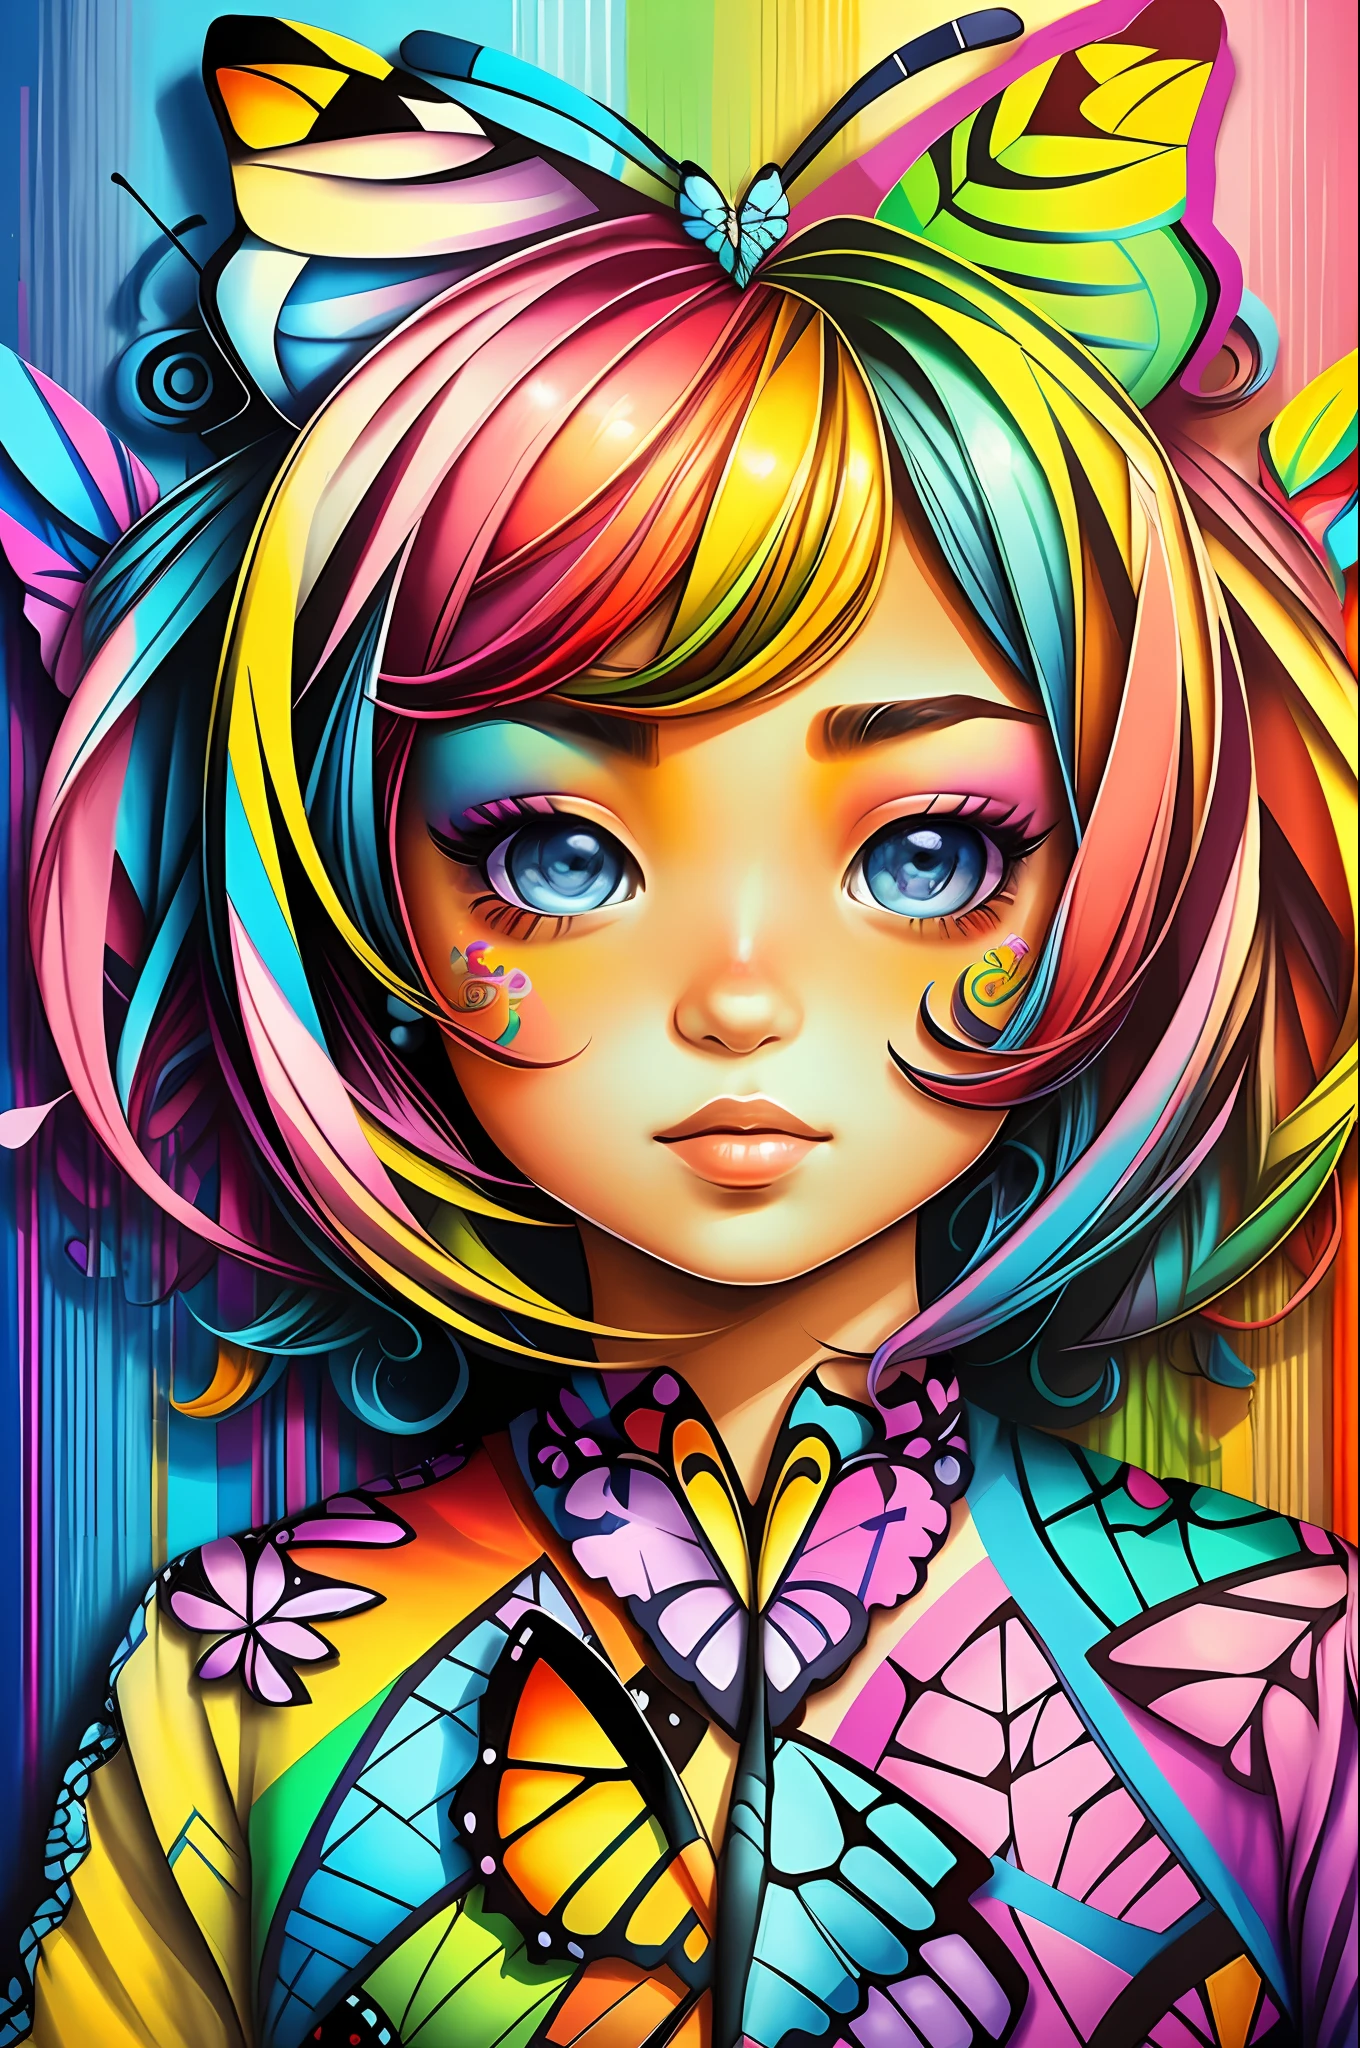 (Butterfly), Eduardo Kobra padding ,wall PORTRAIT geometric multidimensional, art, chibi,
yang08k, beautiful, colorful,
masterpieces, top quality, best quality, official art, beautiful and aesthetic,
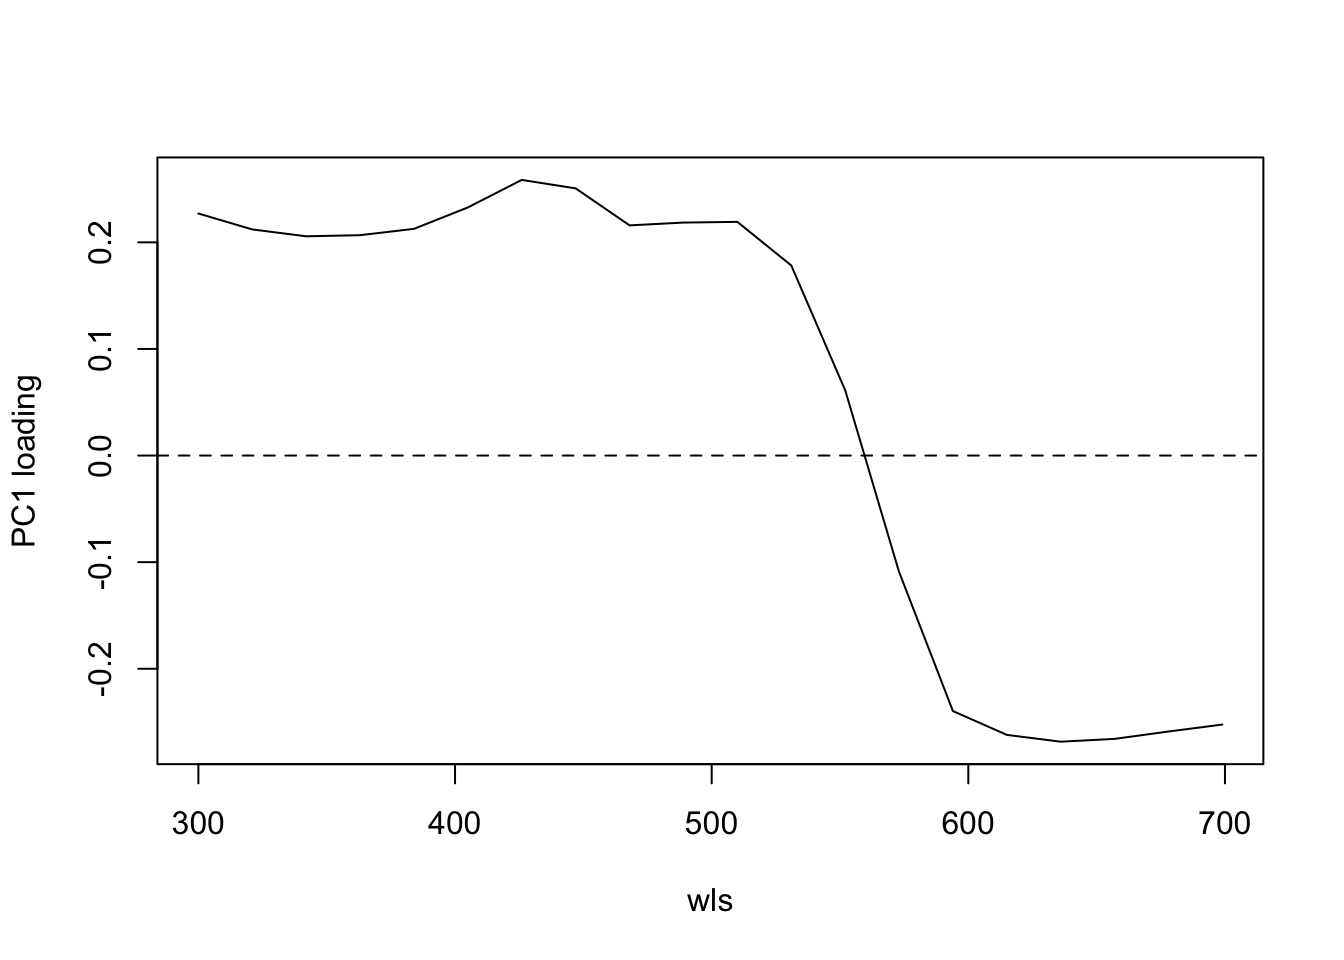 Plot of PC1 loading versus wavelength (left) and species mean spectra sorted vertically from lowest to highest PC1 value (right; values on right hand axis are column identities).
---
Task brief — The answer is every line of the data, exactly as written, with the pictures dropped.

Final answer —
 (Butterfly), Eduardo Kobra padding ,wall PORTRAIT geometric multidimensional, art, chibi,
yang08k, beautiful, colorful,
masterpieces, top quality, best quality, official art, beautiful and aesthetic,
 Plot of PC1 loading versus wavelength (left) and species mean spectra sorted vertically from lowest to highest PC1 value (right; values on right hand axis are column identities).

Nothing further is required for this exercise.